### [What to produce]
Line by line, transcribe the data below exactly and pass over the images.
╭──
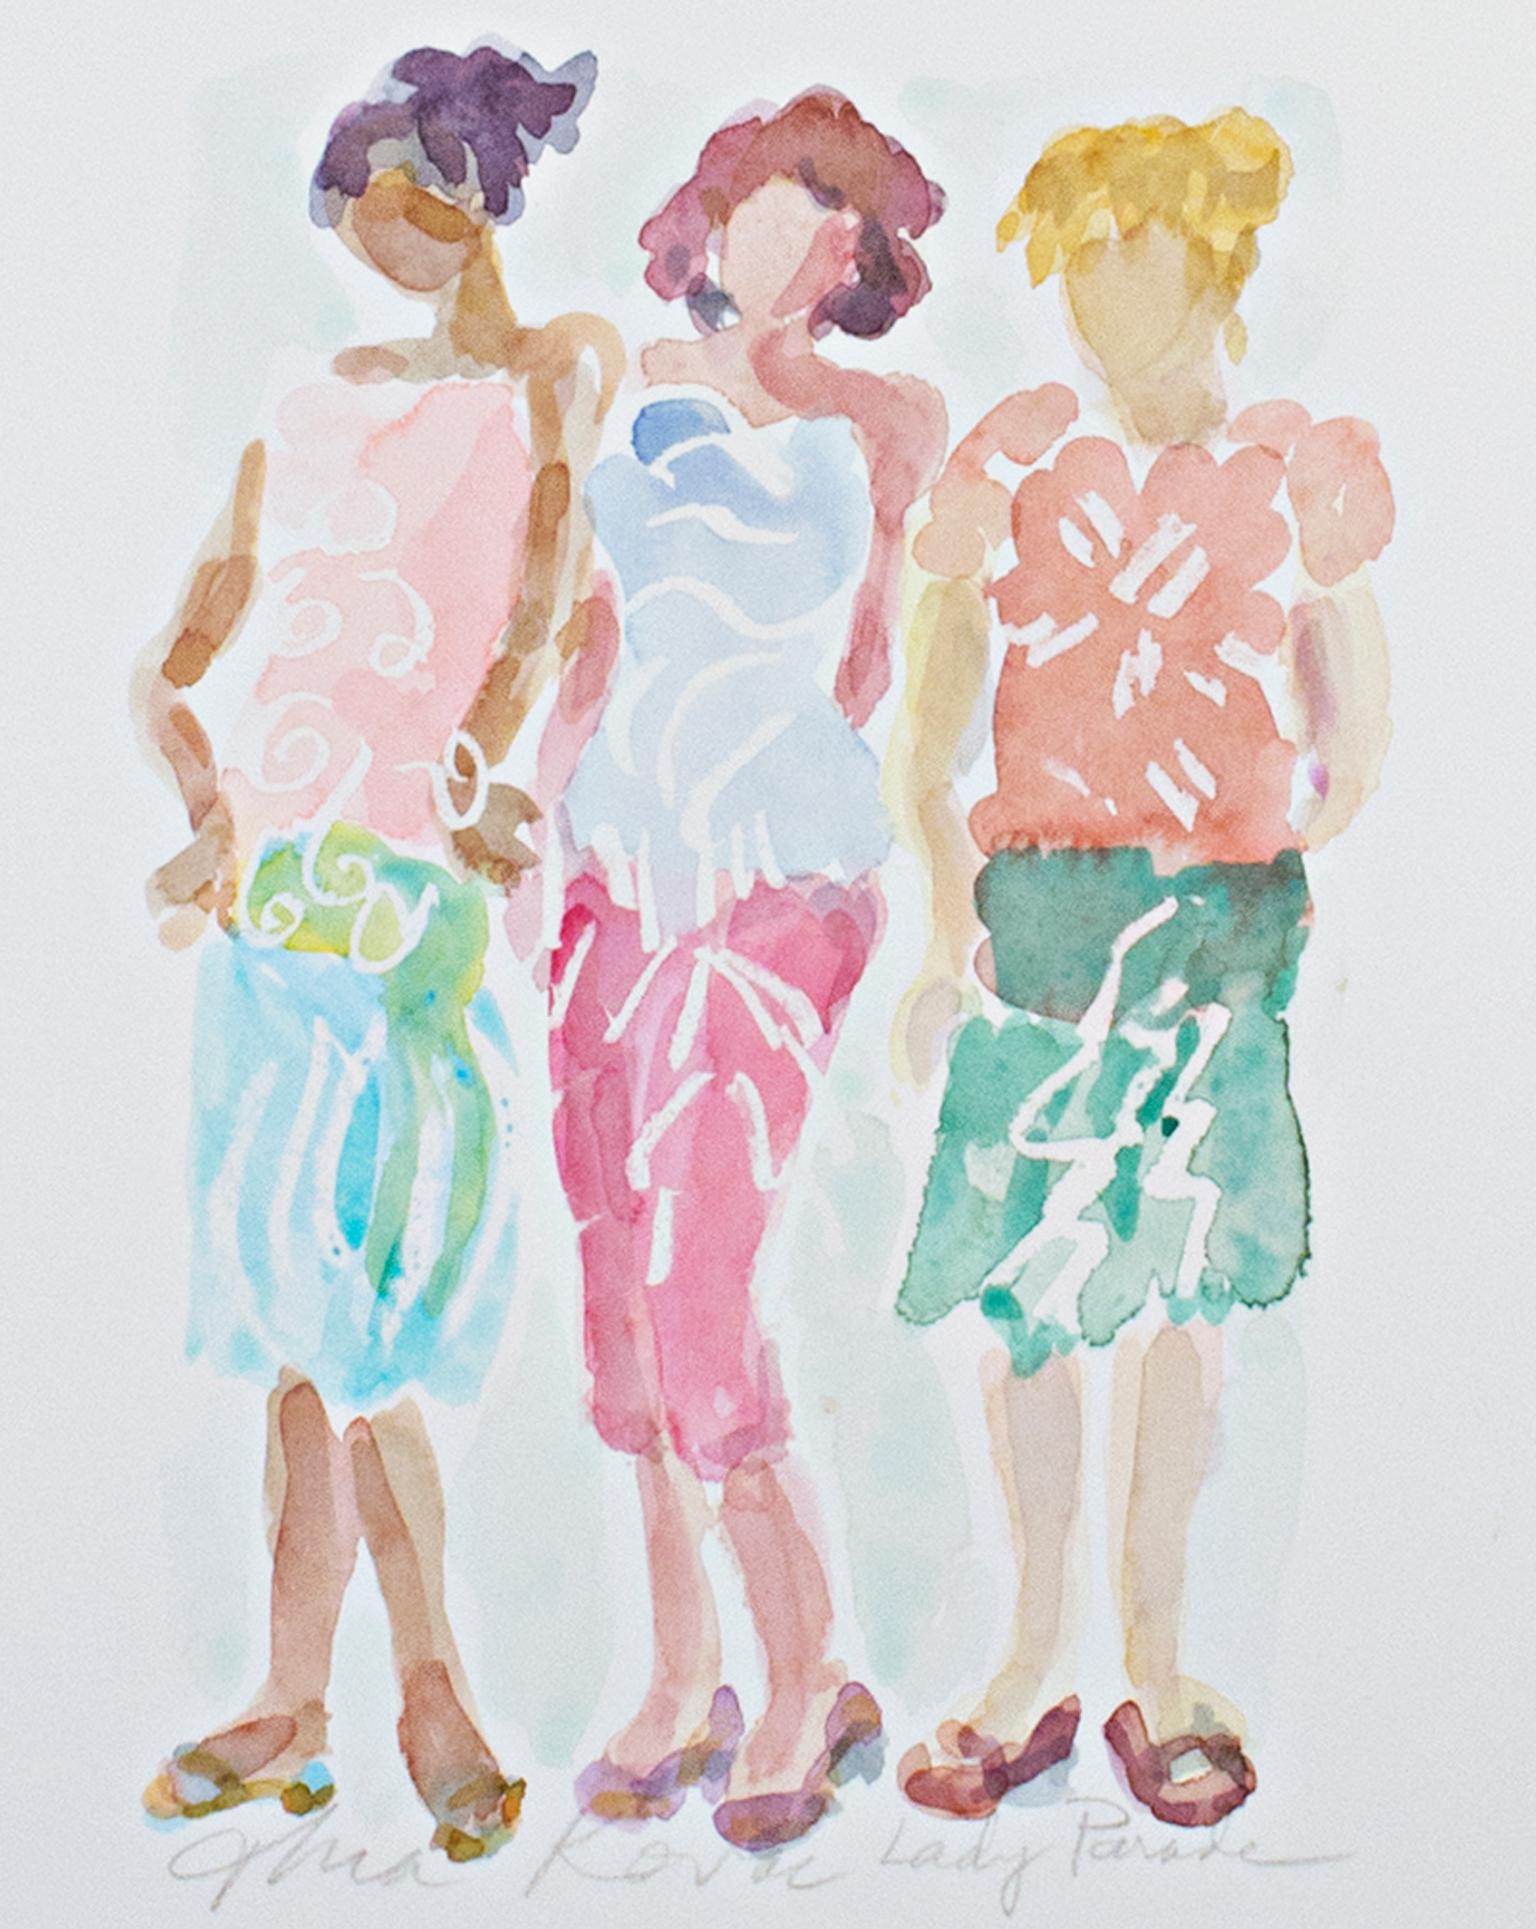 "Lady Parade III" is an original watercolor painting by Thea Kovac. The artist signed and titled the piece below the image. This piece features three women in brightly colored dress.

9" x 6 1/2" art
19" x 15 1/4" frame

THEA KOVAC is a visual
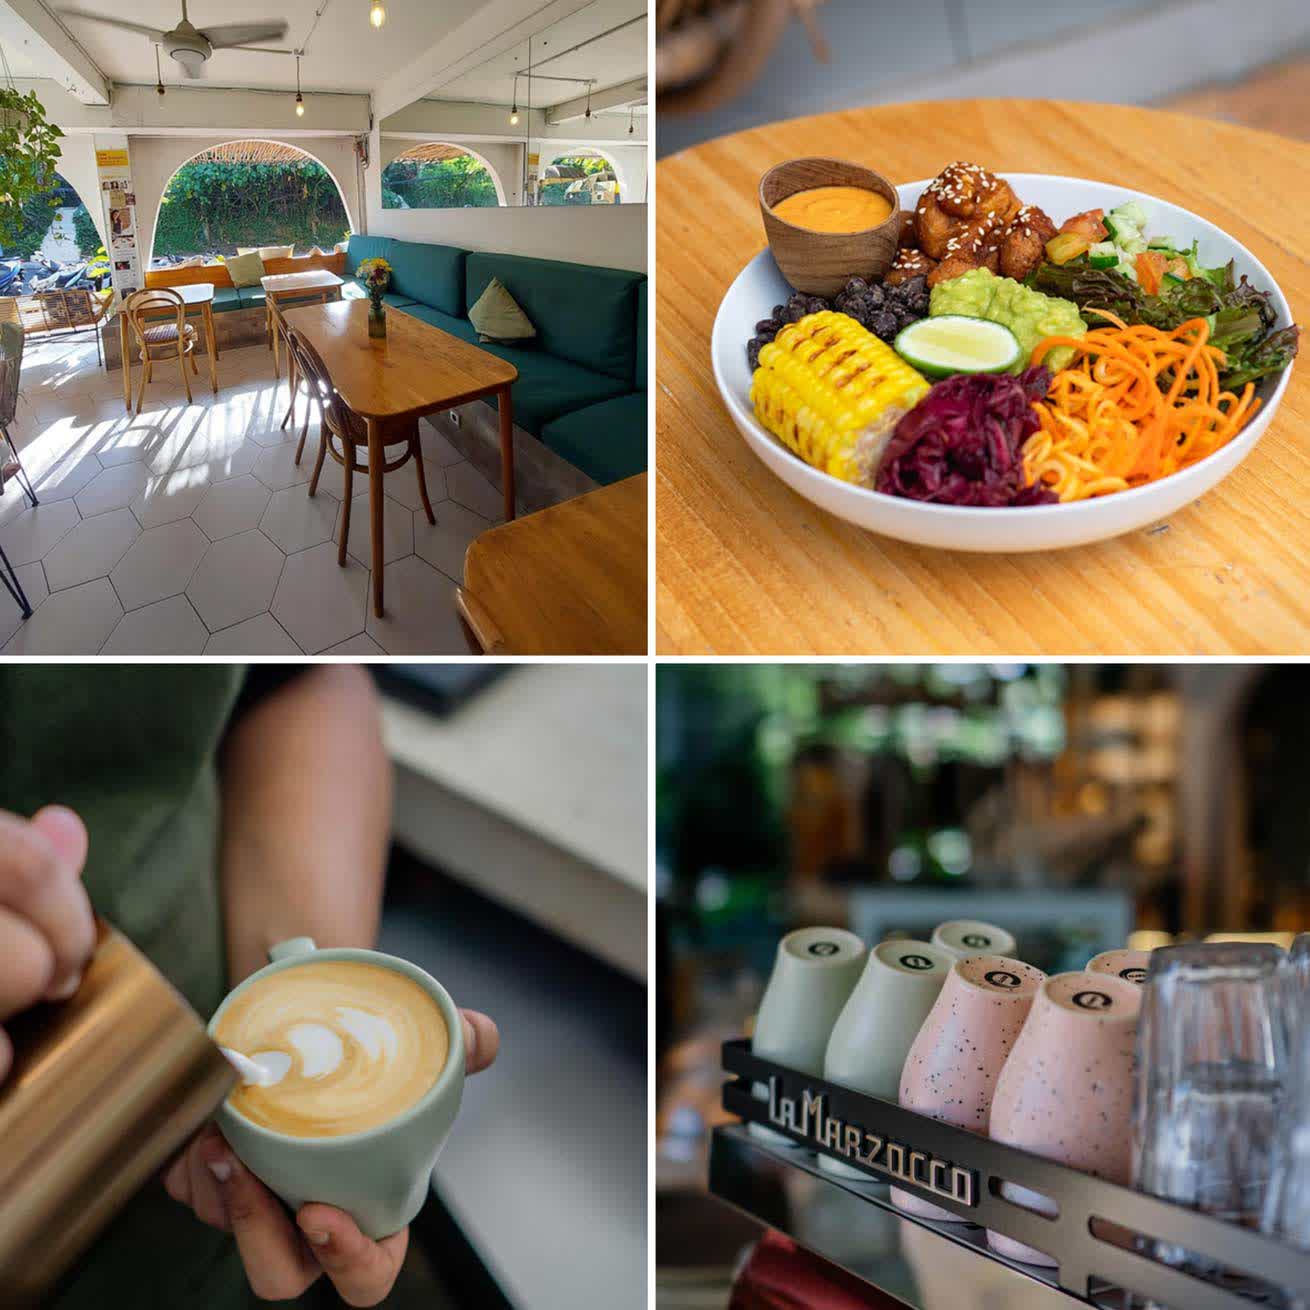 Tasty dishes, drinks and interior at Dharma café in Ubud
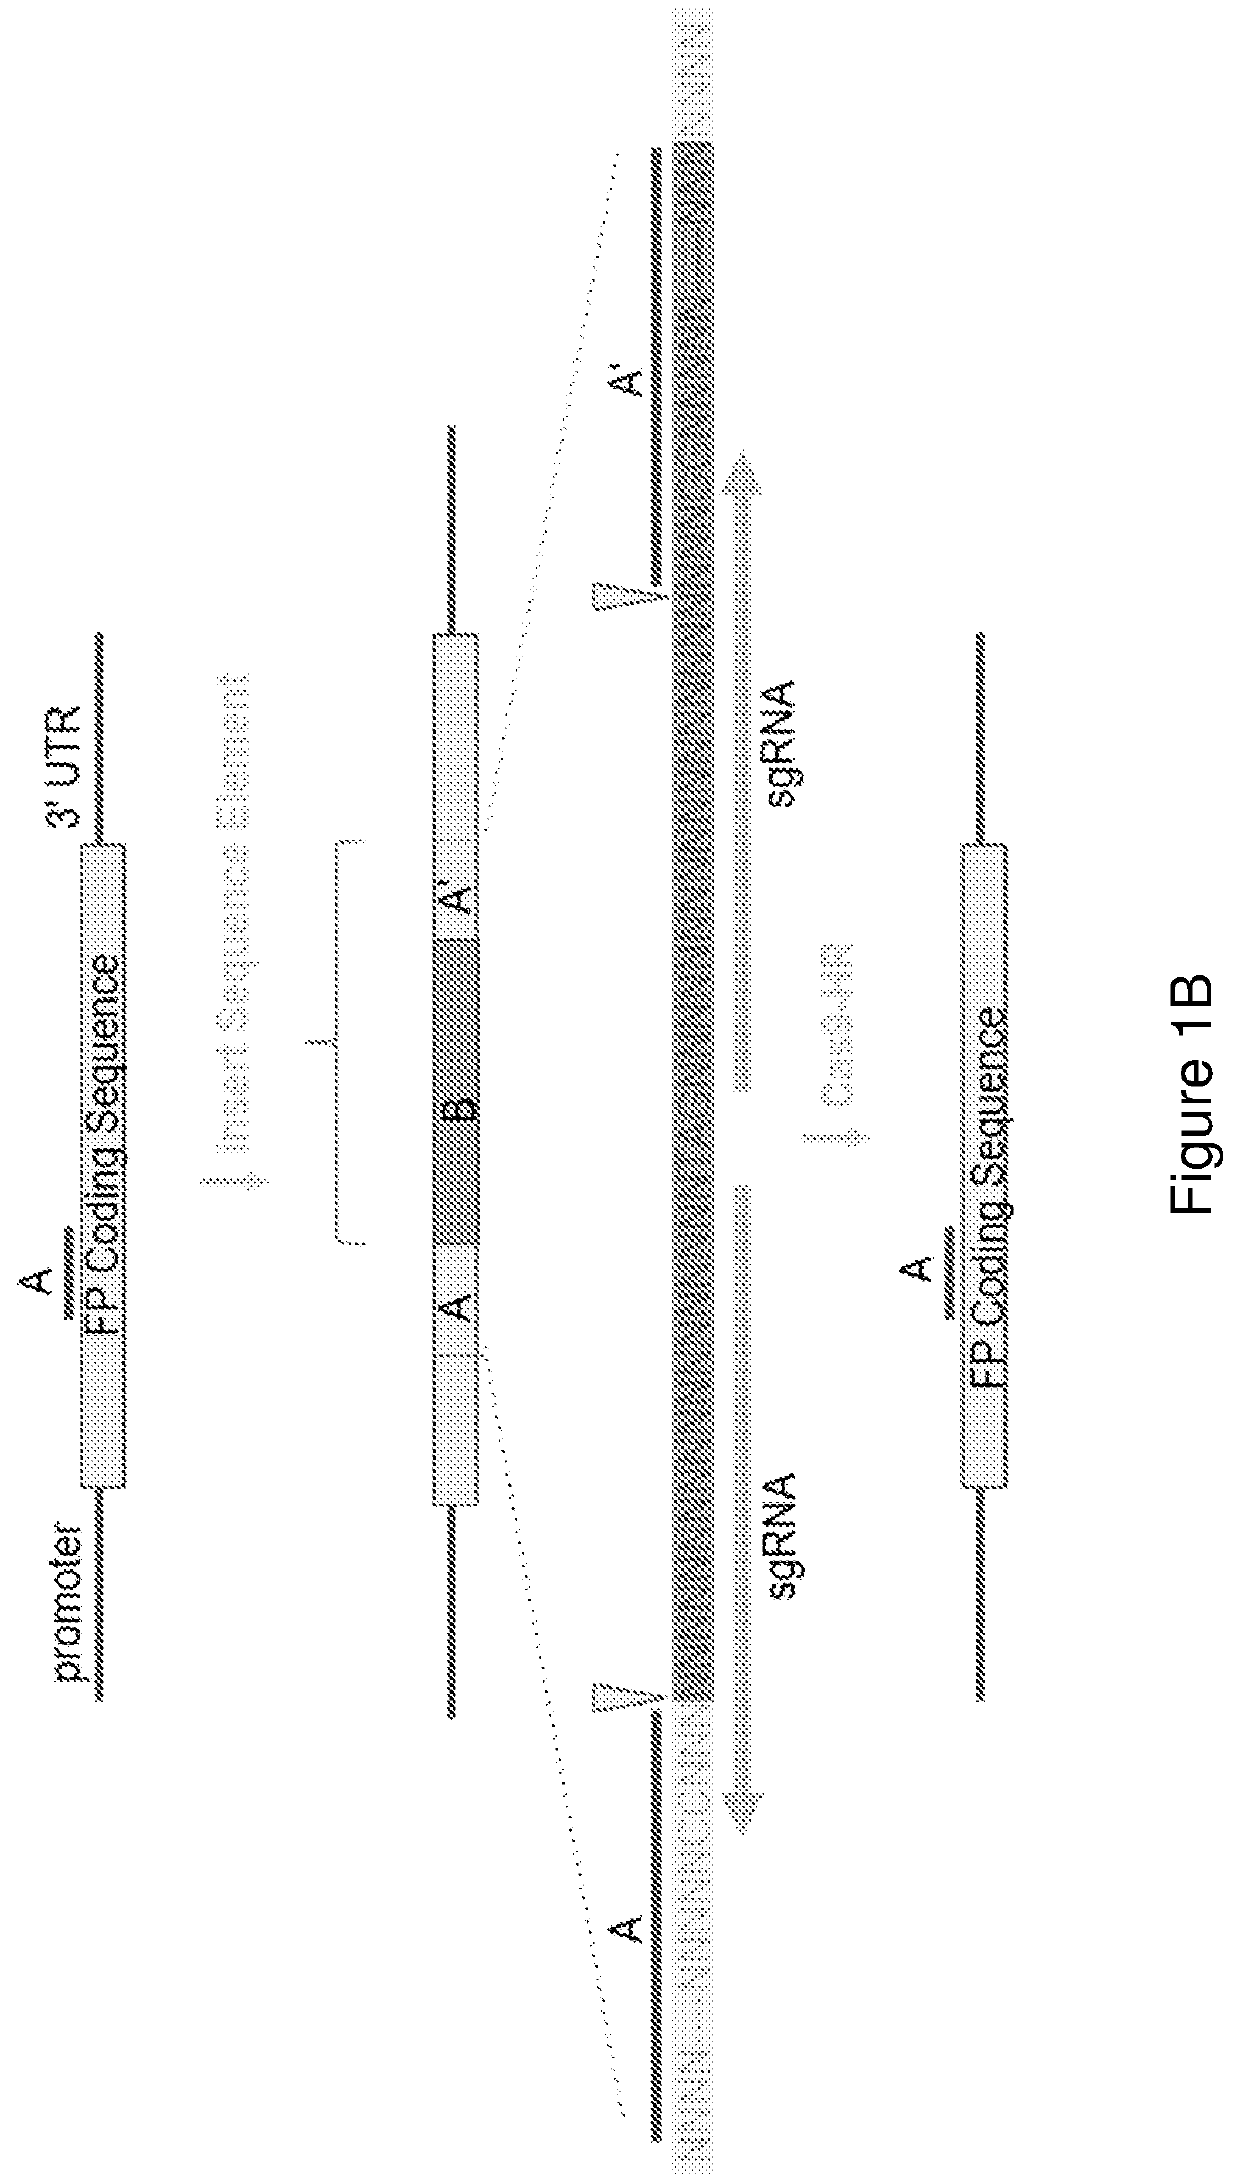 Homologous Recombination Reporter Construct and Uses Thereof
╰──
### [Answer for the task]
 "Lady Parade III" is an original watercolor painting by Thea Kovac. The artist signed and titled the piece below the image. This piece features three women in brightly colored dress.

9" x 6 1/2" art
19" x 15 1/4" frame

THEA KOVAC is a visual
 Tasty dishes, drinks and interior at Dharma café in Ubud
 Homologous Recombination Reporter Construct and Uses Thereof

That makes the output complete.